── Information supplied ──
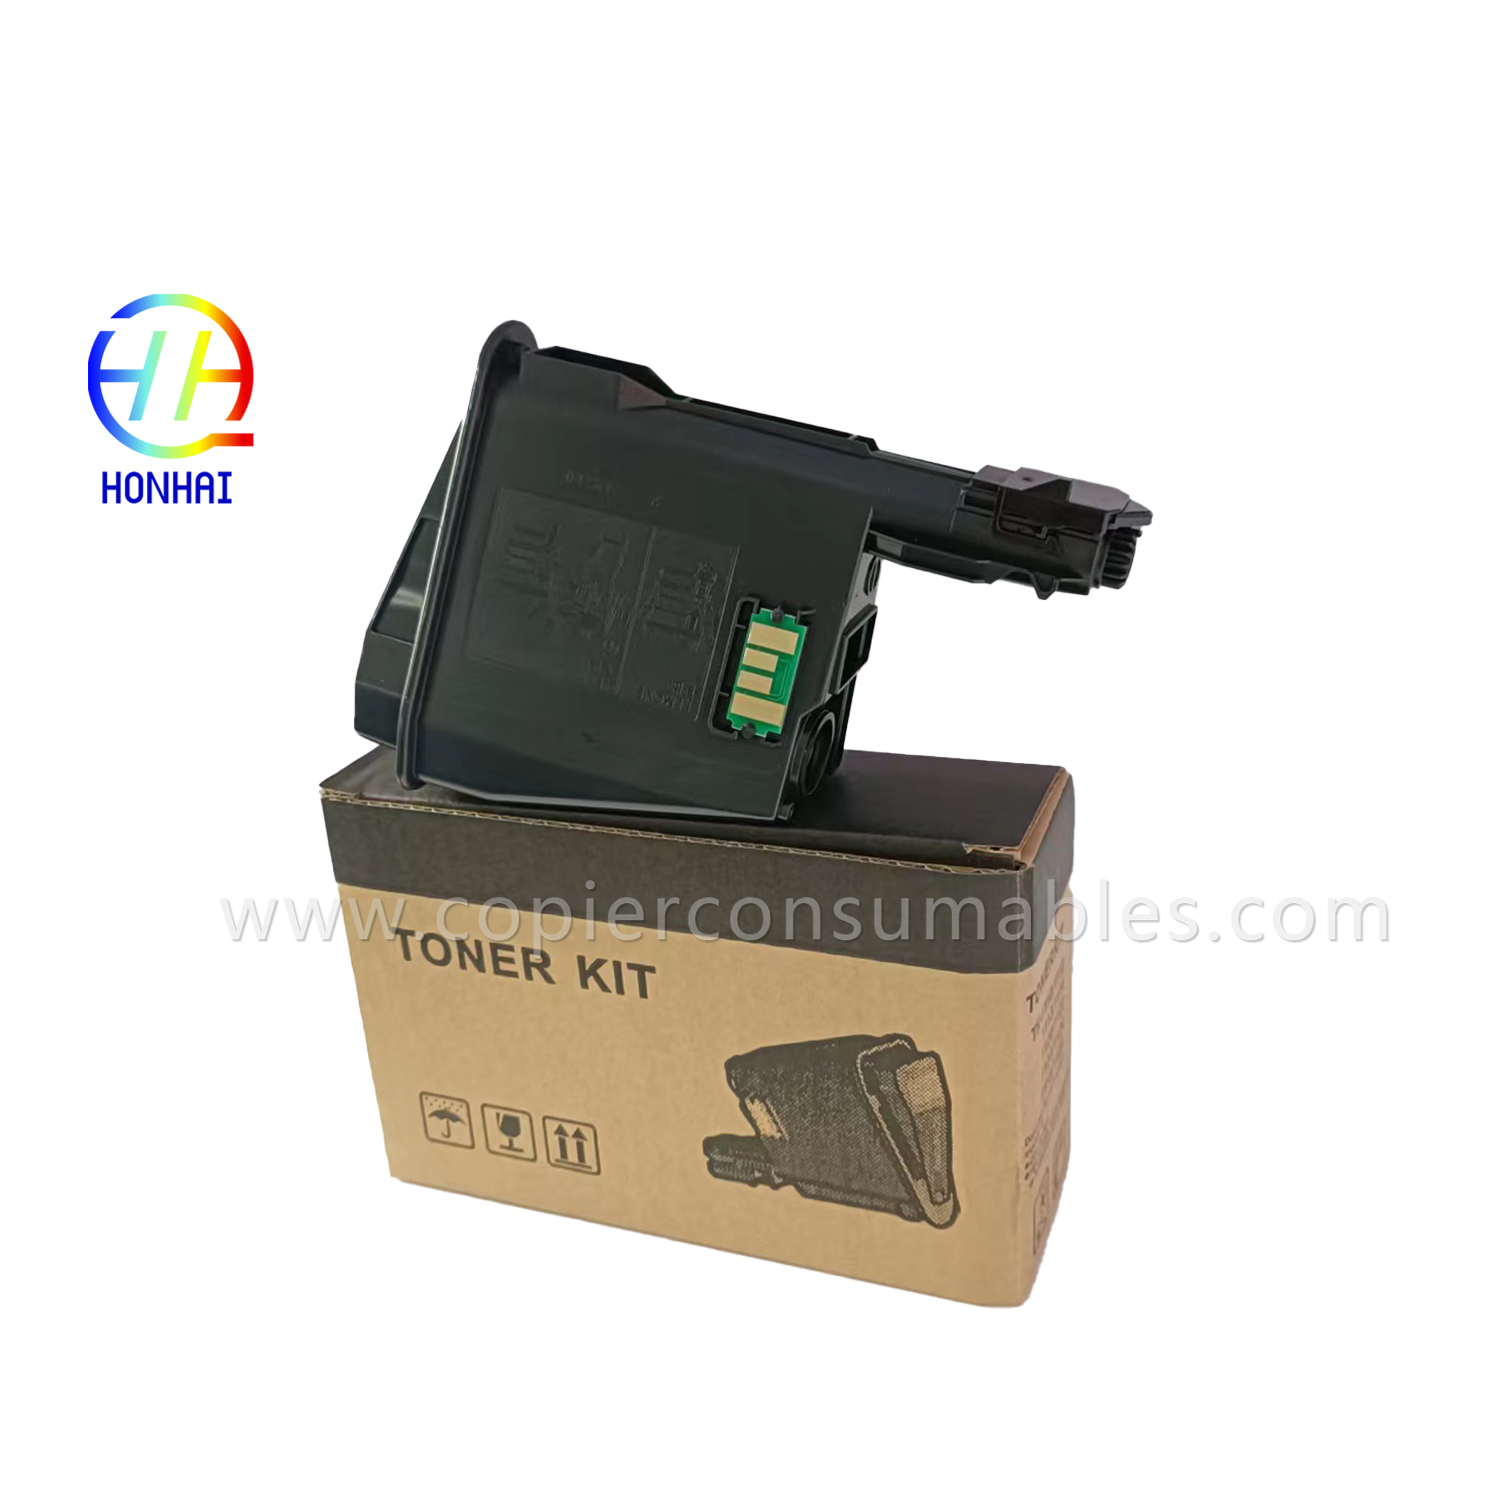 I-Toner cartridge ye-Kyocera ECOSYS FS-1040 1060DN 1020MFP 1041 1120MFP 1025MFP 1061DN
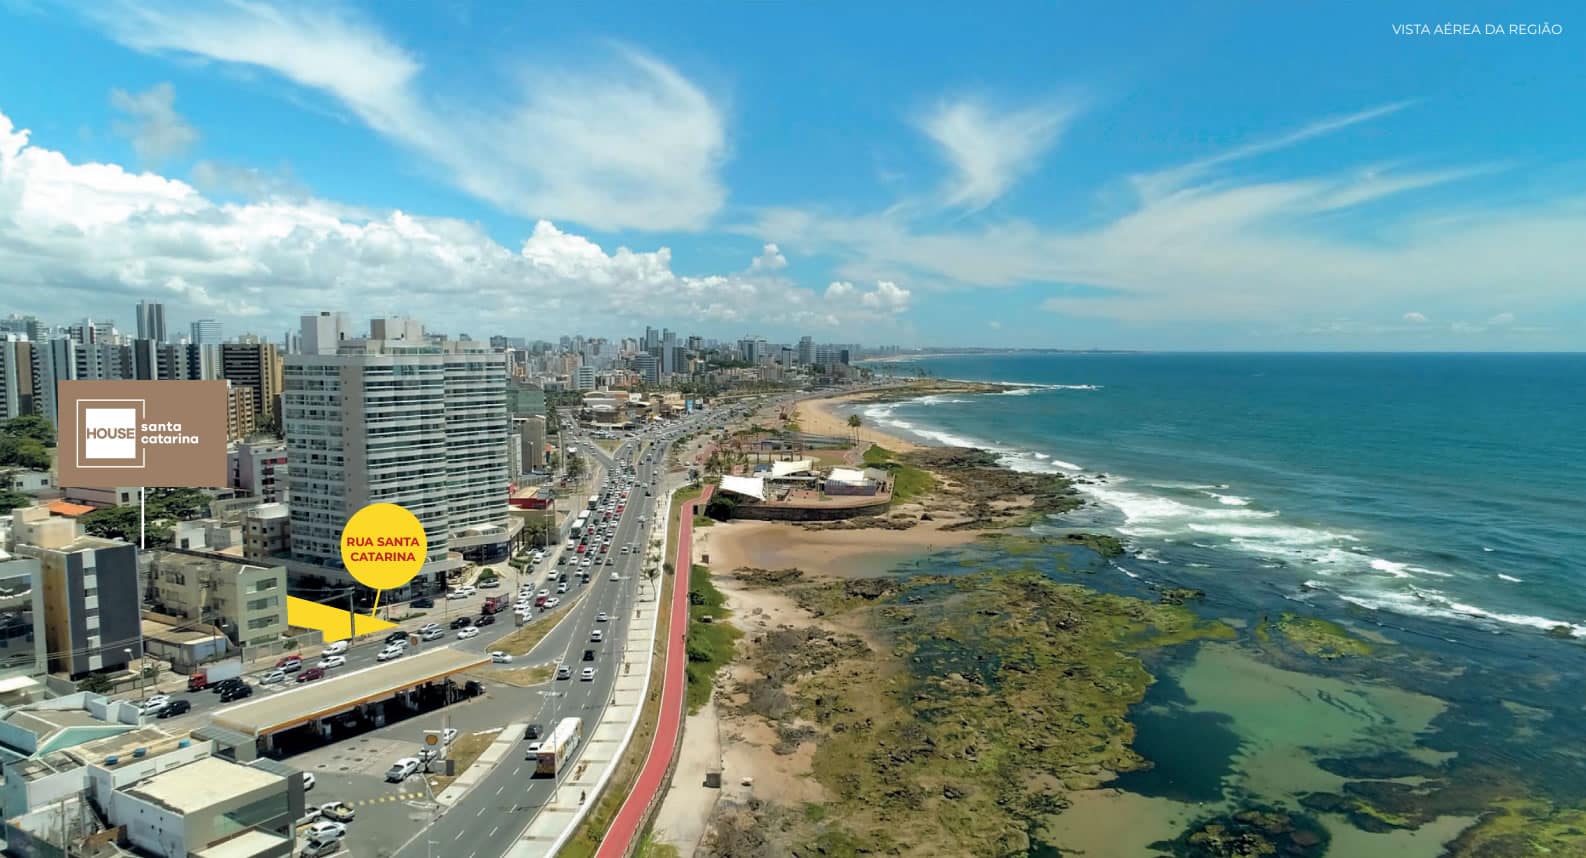 Vista aérea da região do House Santa Catarina
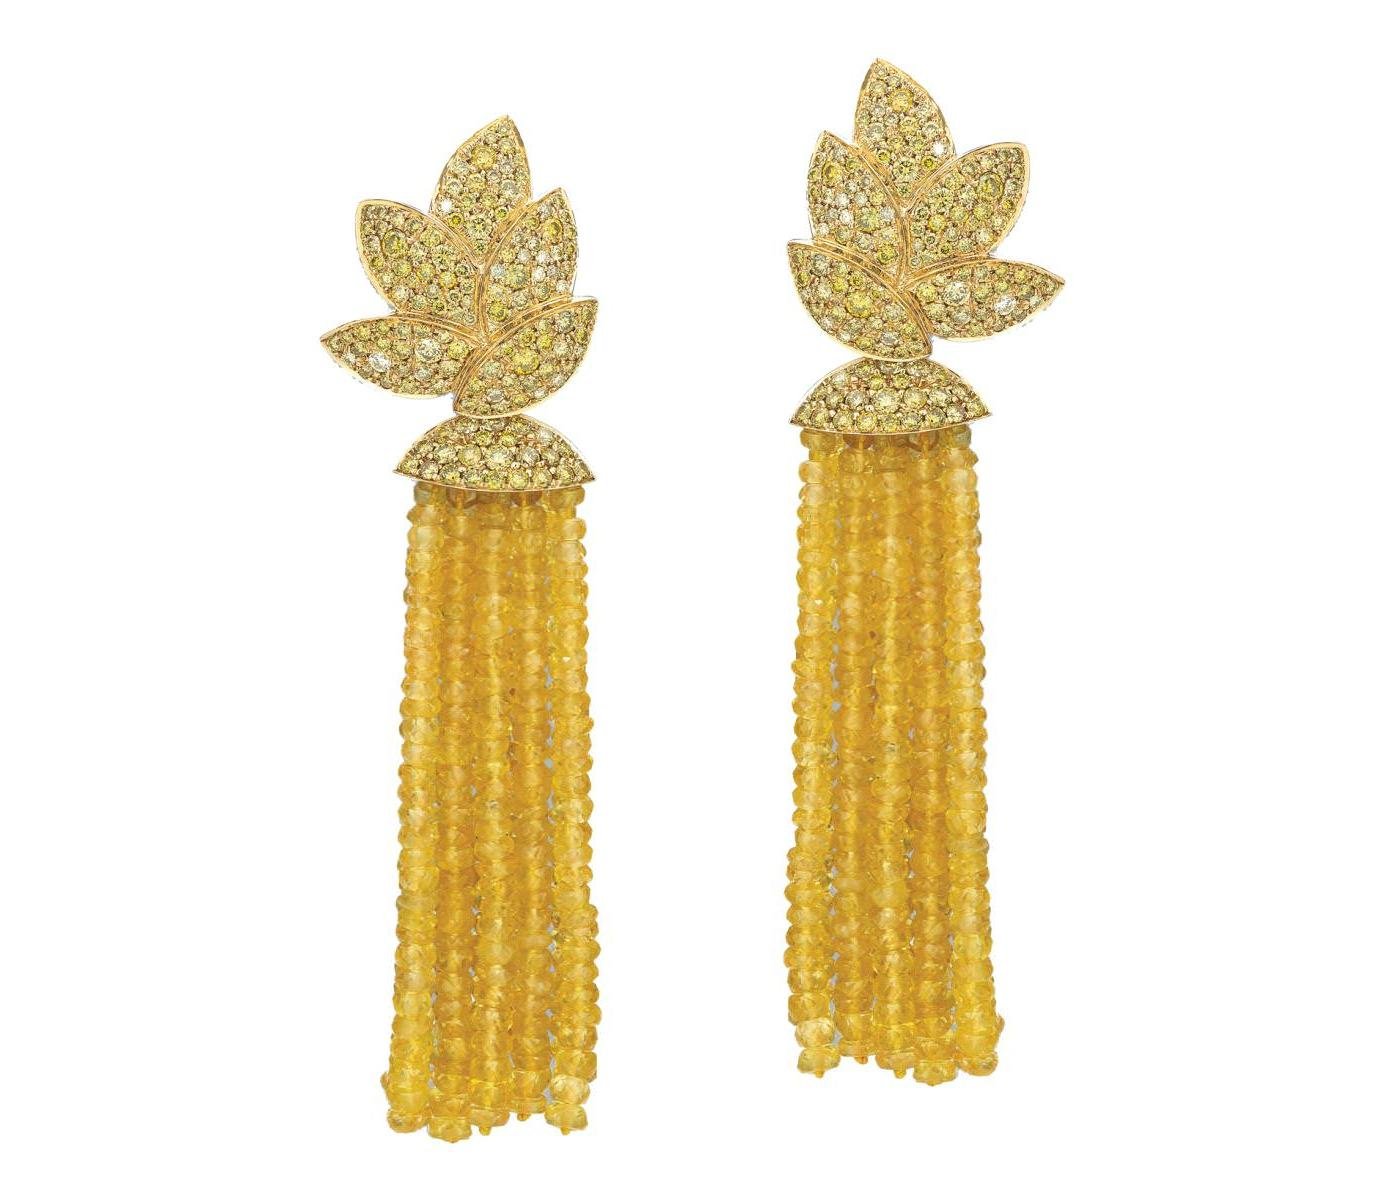 Earrings by Sillam Jewelry
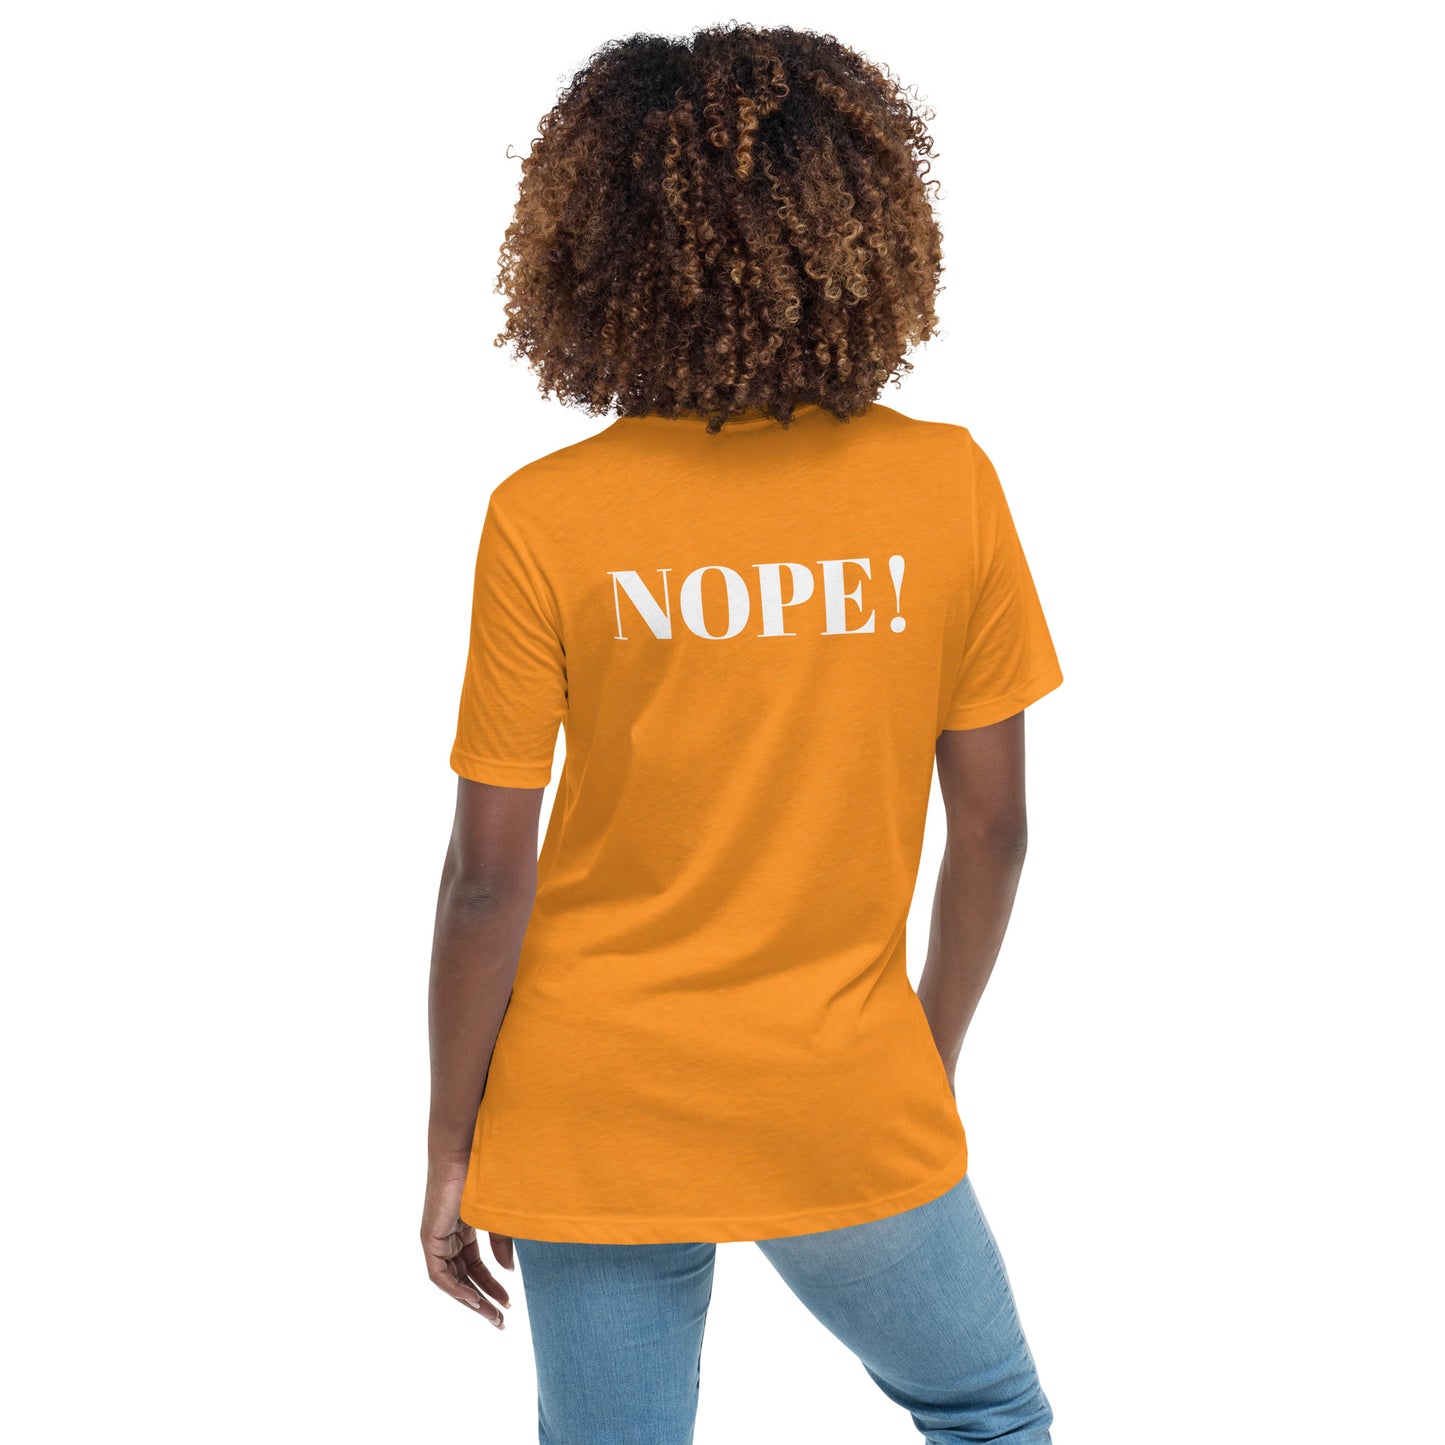 Nope! Women's Relaxed T-Shirt
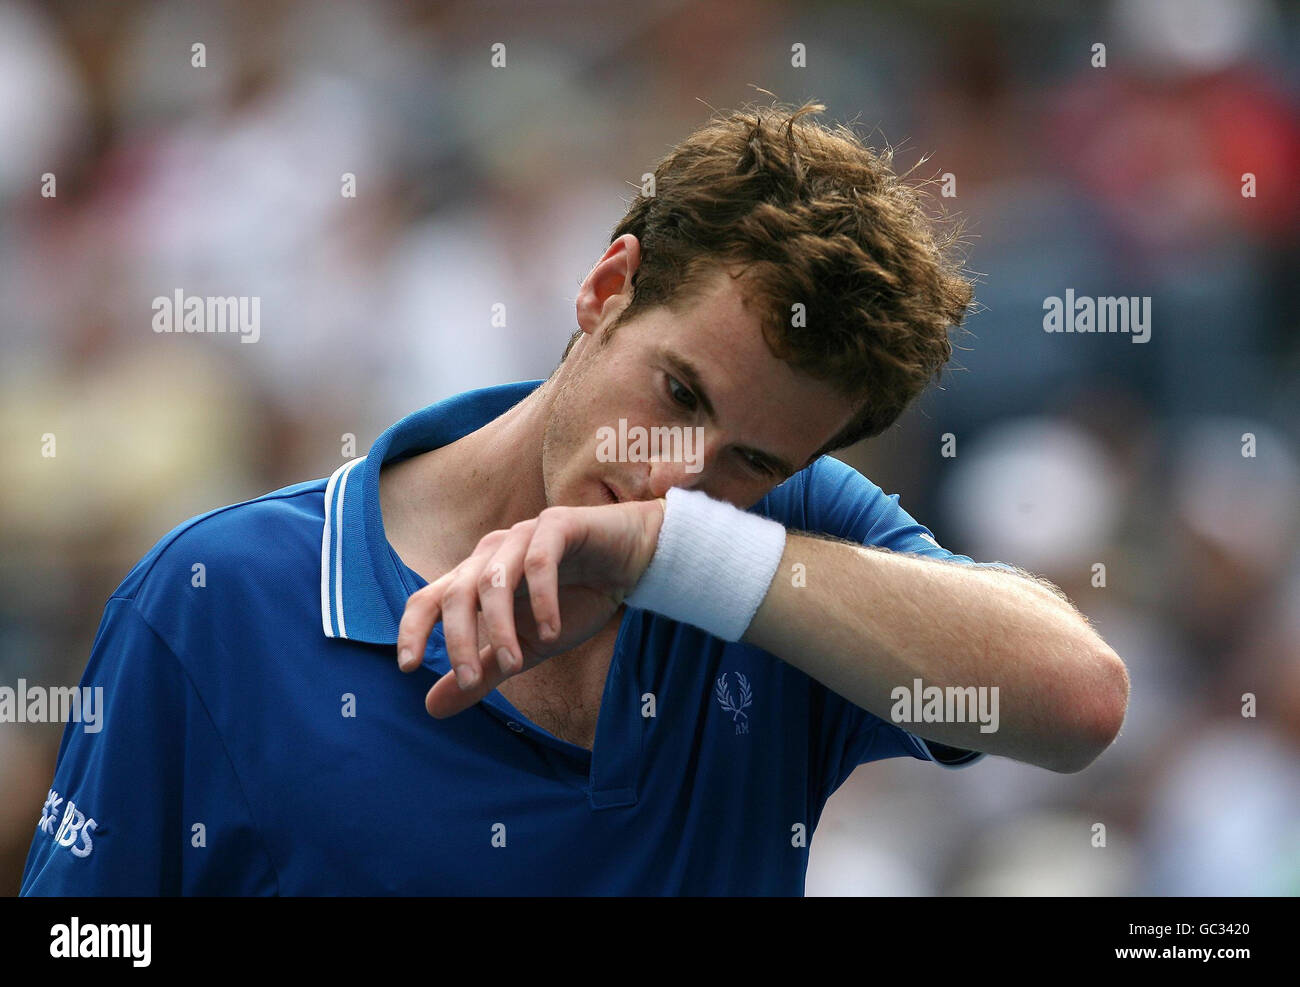 Tennis - 2009 US Open - 9° giorno - Flushing Meadows. Andy Murray della Gran Bretagna in seguito alla sua partita contro il croato Marin Cilic durante gli US Open a Flushing Meadows, New York, USA. Foto Stock
───
* [Exercise]: Write out the data word for word. Any picture is to be skipped.

* [Solution to this exercise]:
 I-Toner cartridge ye-Kyocera ECOSYS FS-1040 1060DN 1020MFP 1041 1120MFP 1025MFP 1061DN
 Vista aérea da região do House Santa Catarina
 Earrings by Sillam Jewelry
 Nope! Women's Relaxed T-Shirt
 Tennis - 2009 US Open - 9° giorno - Flushing Meadows. Andy Murray della Gran Bretagna in seguito alla sua partita contro il croato Marin Cilic durante gli US Open a Flushing Meadows, New York, USA. Foto Stock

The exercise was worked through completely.